China-Deal: Widersprüchliche und teure Schuldzuweisung

Wer wird zum Schluss im China-Deal zur Kasse gebeten?
Wer wird zum Schluss im China-Deal zur Kasse gebeten? Bild: Linth24
Die Chinesen reden in Jona von investierten 2 Millionen Franken. Ist die Stadt mit dem Vertrags-Aus und der Schuld-Zuweisung an SinoSwiss fein raus? Linth24 zeigt auf, was geschah. Von Bruno Hug

Beim China-Deal gibt es satte Widersprüche. Linth24 zeigt auf, wie allein schon das städtische Kernargument, die Chinesen hätten bei der Baueingabe gesäumt, grosse Probleme nach sich ziehen könnte. 
Zudem dokumentiert Linth24 im zweiten Teil dieses Berichts, welcher immense Energie- und Geldverschleiss im China-Deal steckt, entstanden auf Basis leichtsinnigem, städtischem Handeln und Intransparenz. 

Unvollständige Auflage?

Am 20. November 2023 teilte die Stadt mit, SinoSwiss habe ihre Unterlagen für das Baugesuch für den China-Baus im Joner Schachen «komplettiert». Ab 23. November liege das Baugesuch im Stadthaus auf. (Siehe hier) Zudem sei es an den Kanton zur Bewilligung geleitet worden. 
Acht Monate später, am 14. August 2024, erklärte der Stadtrat, der Vertrag mit SinoSwiss sei «dahingefallen». Die Chinesen hätten kein «bewilligungsfähiges Baugesuch» eingereicht. Das Land im Schachen werde der China-Firma nicht überschrieben. 

Fachleute staunen 

Fachleute staunen, denn ein unvollständiges Baugesuch dürfe gar nicht aufgelegt werden. Fazit: Entweder legte die Stadt am 23. November ein Baugesuch auf, das nicht auflagebereit war. Oder der Ausstieg des Stadtrates aus dem China-Vertrag mit dem Argument, das Baugesuch sei unvollständig gewesen, steht auf tönernen Füssen.

Damals noch Freunde

Warum solche Widersprüche? Die Antwort liegt auf der Hand: Im November 2023 stand der Stadtrat noch voll hinter dem China-Deal. Stadtpräsident Stöckling sagte damals, das Baugesuch der Chinesen hätte «Anrecht auf eine speditive Behandlung». Und selbst letzten 14. März 2024 sagte er noch, er wolle den China-Vertrag «einhalten». Vertrag sei Vertrag.

Gericht greift ein

Vier Monate später urteilte das Verwaltungsgericht im China-Deal und warf dem Stadtrat «willkürliches» Handeln vor.
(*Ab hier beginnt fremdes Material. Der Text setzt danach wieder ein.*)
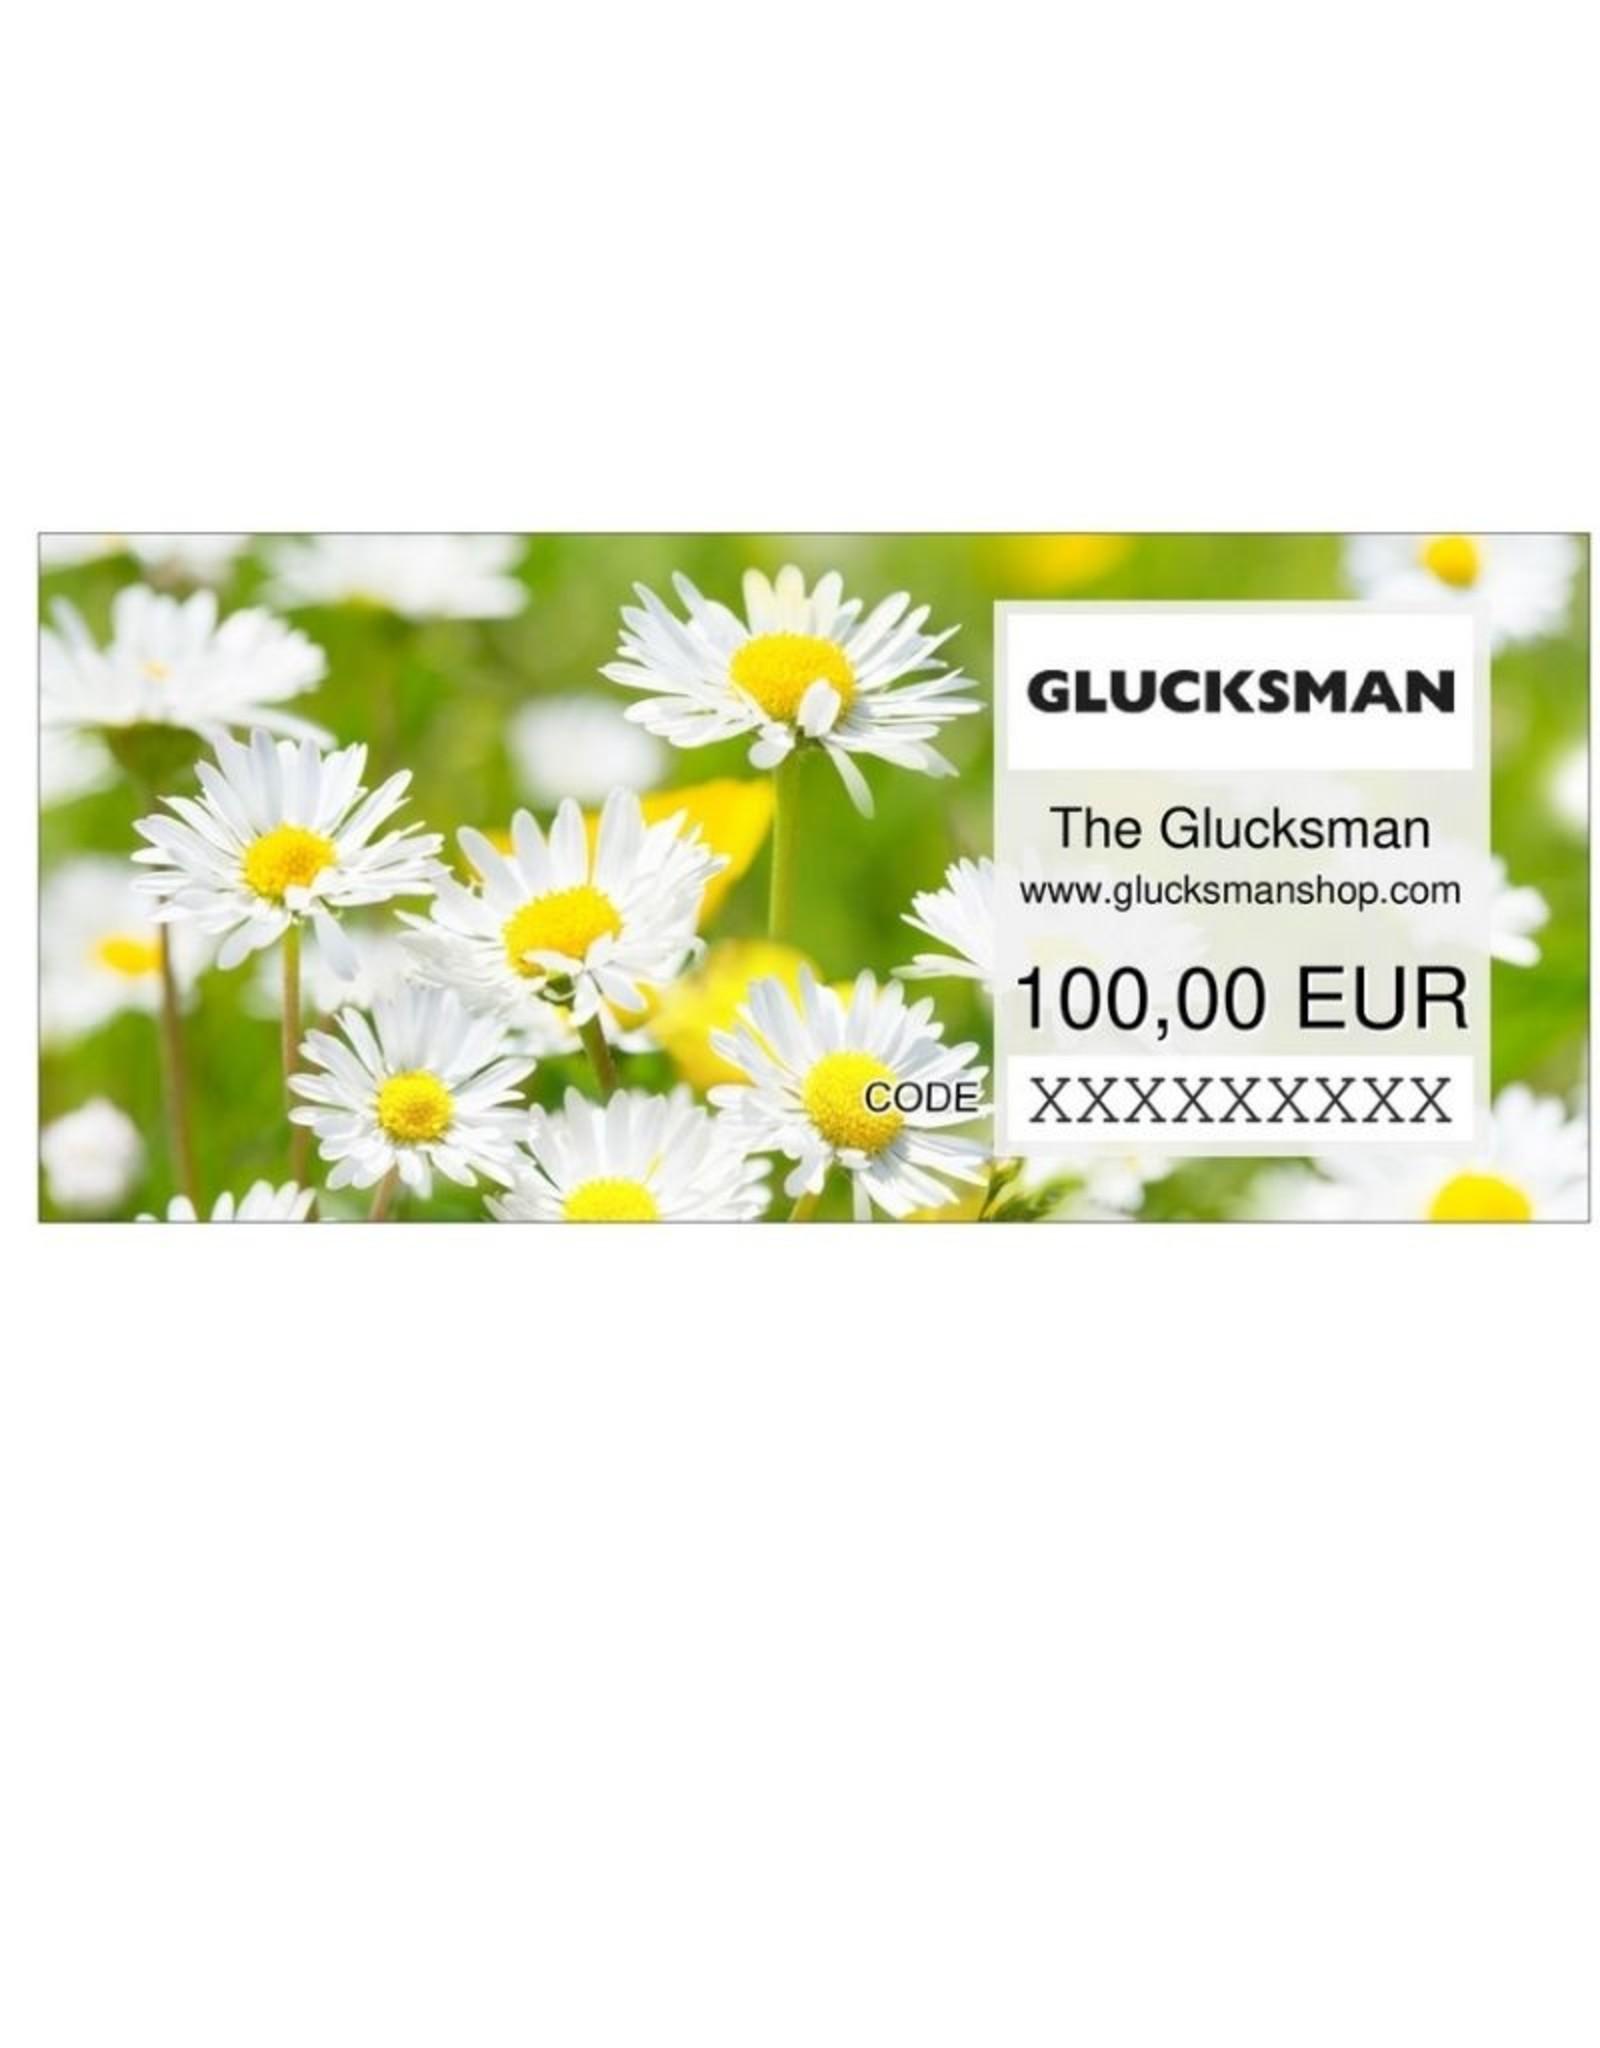 The Glucksman Voucher €100
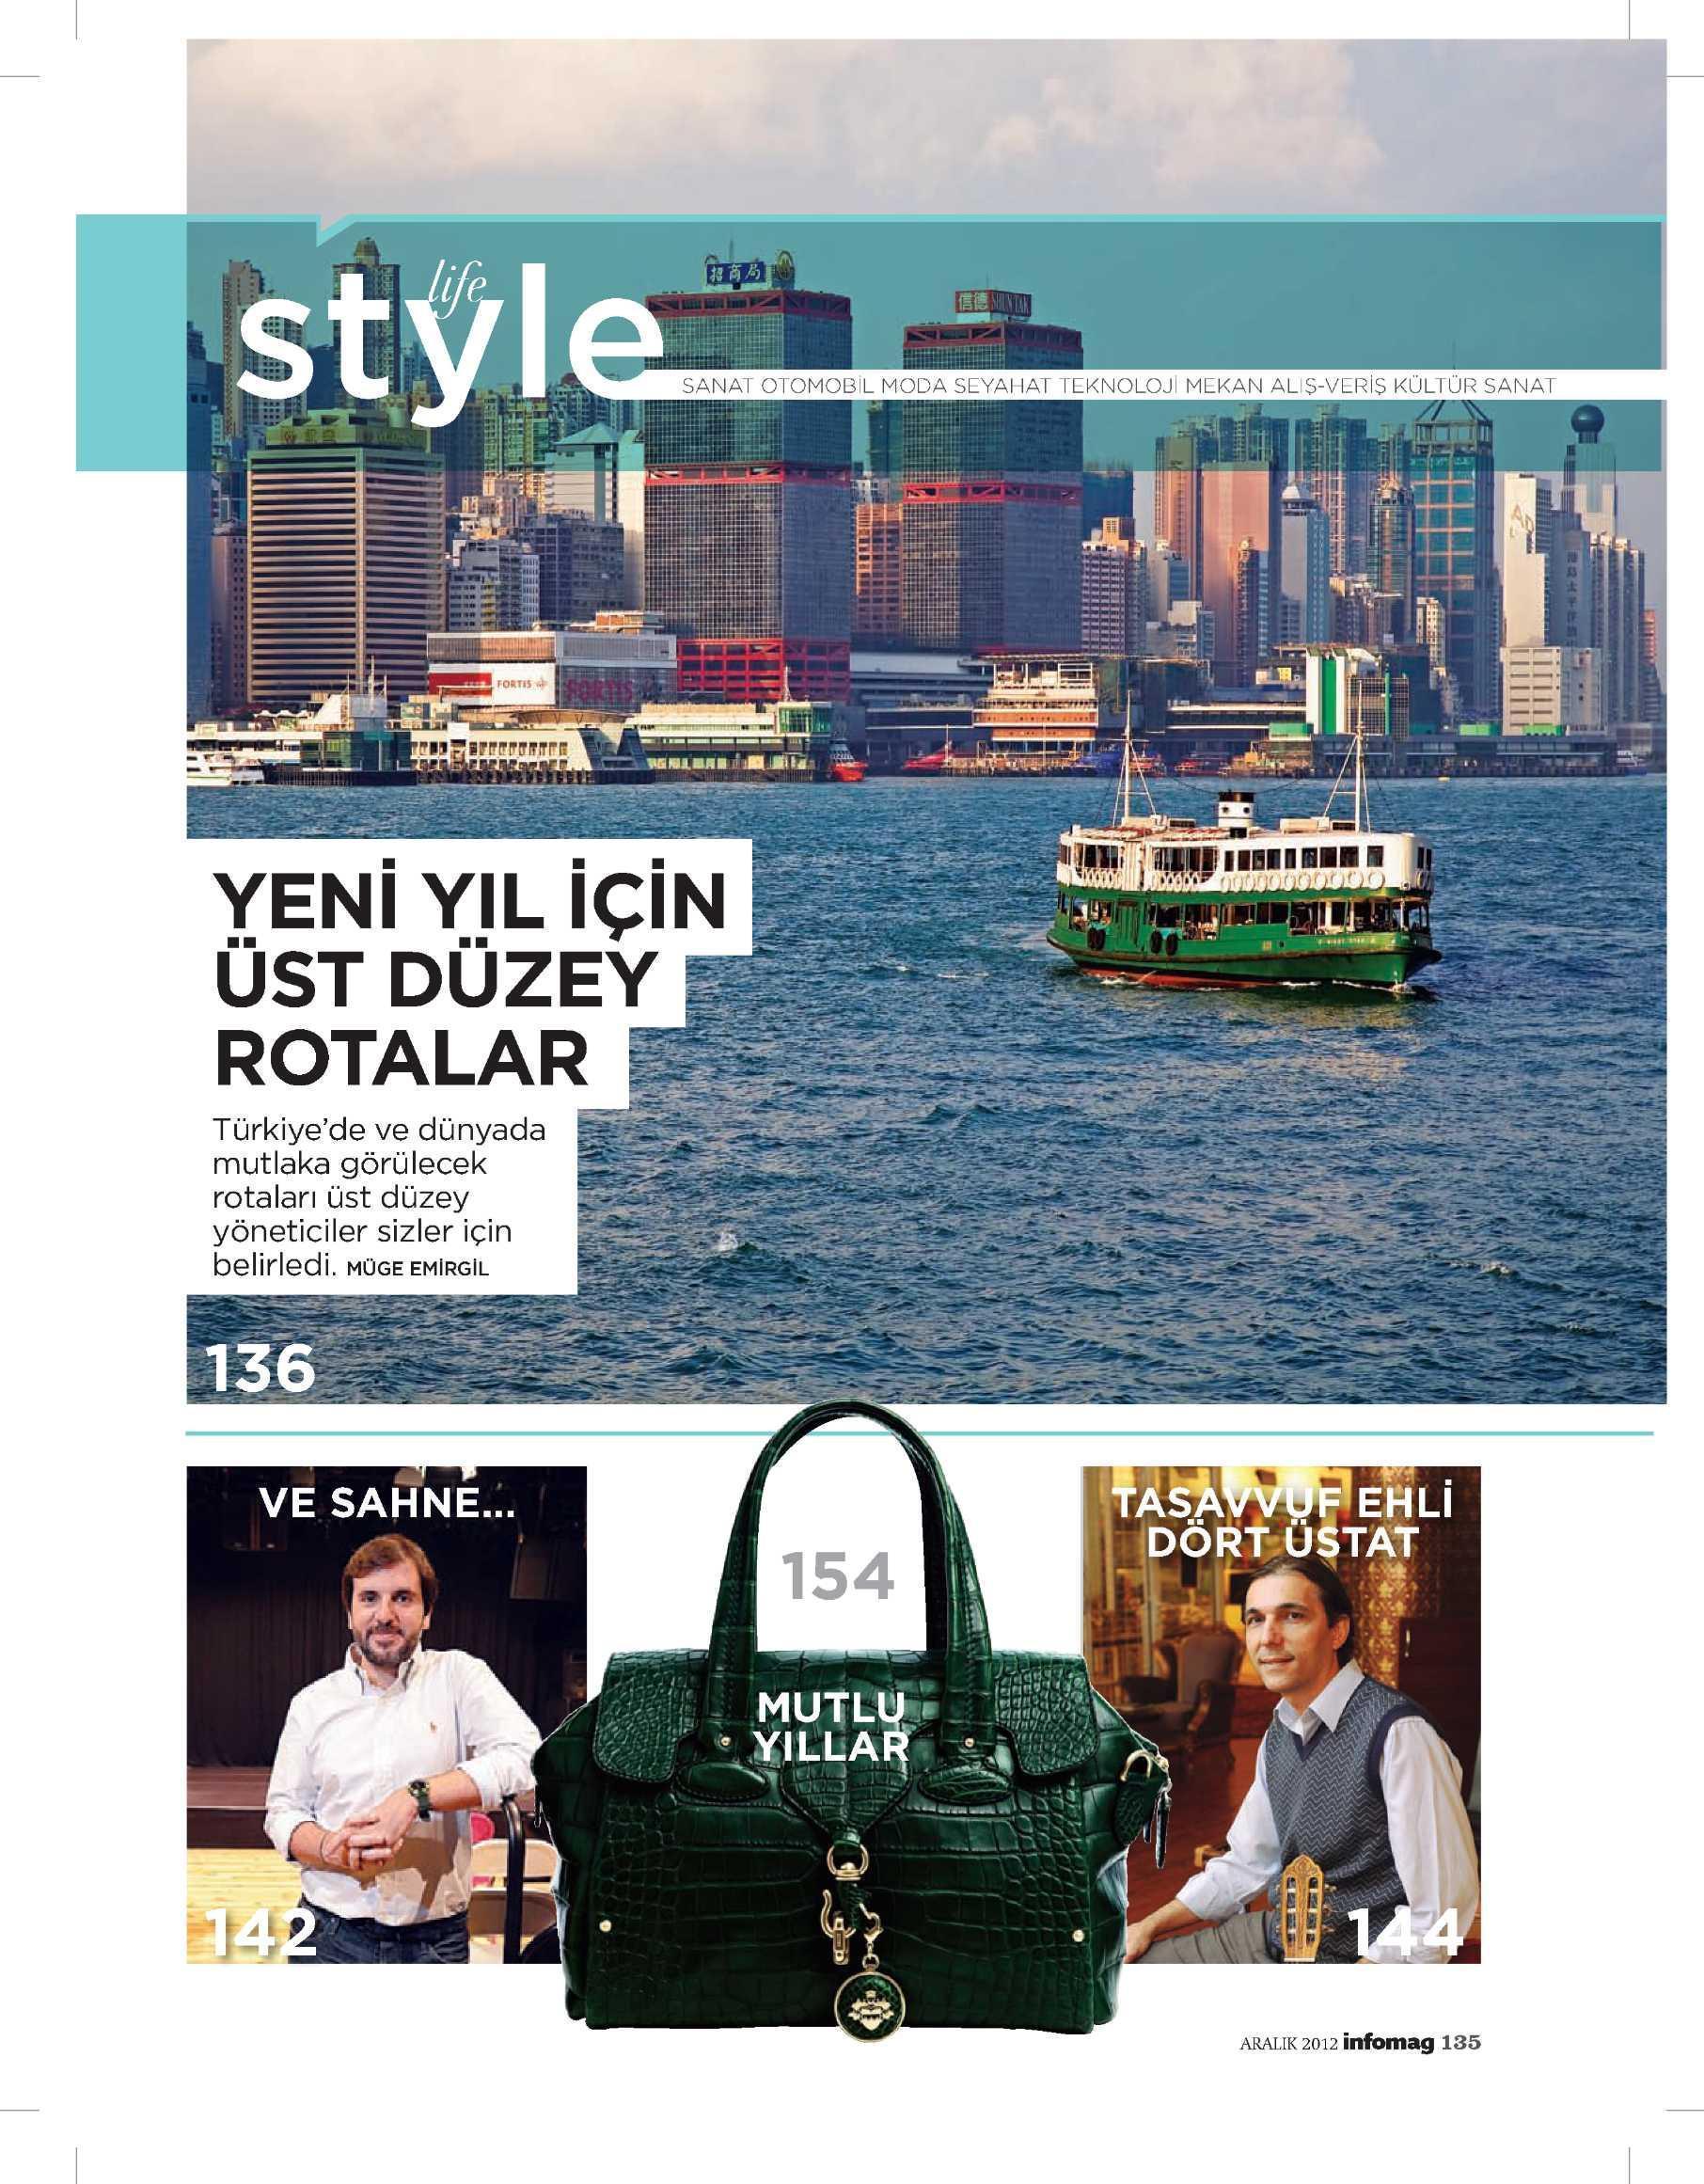 Netmarble-Turkey-Infomag-Dergisi-Aralik-2012-Sayfa-135-1

Damit war praktisch klar, dass es zum Landverkauf noch eine Volksabstimmung geben muss.
Also drehte der Stadtrat den Spiess um und verkündete vor 14 Tagen, er habe den 2021 vereinbarten Vertrag mit SinoSwiss im Juli 2024 beurteilen lassen. Dabei sei herausgekommen, der Vertrag sei Ende letzten Januar dahingefallen. Schuld sei SinoSwiss. 

Spitzkehre

SinoSwiss stand nach der Spitzkehre des Stadtrates nun auf einmal mit dem Messer im Rücken da. Man höre den Vorwurf zur Baueingabe zum ersten Mal, sei überrascht, teilte ihr Geschäftsführer mit, und man prüfe, gegen die Stadt rechtlich vorzugehen.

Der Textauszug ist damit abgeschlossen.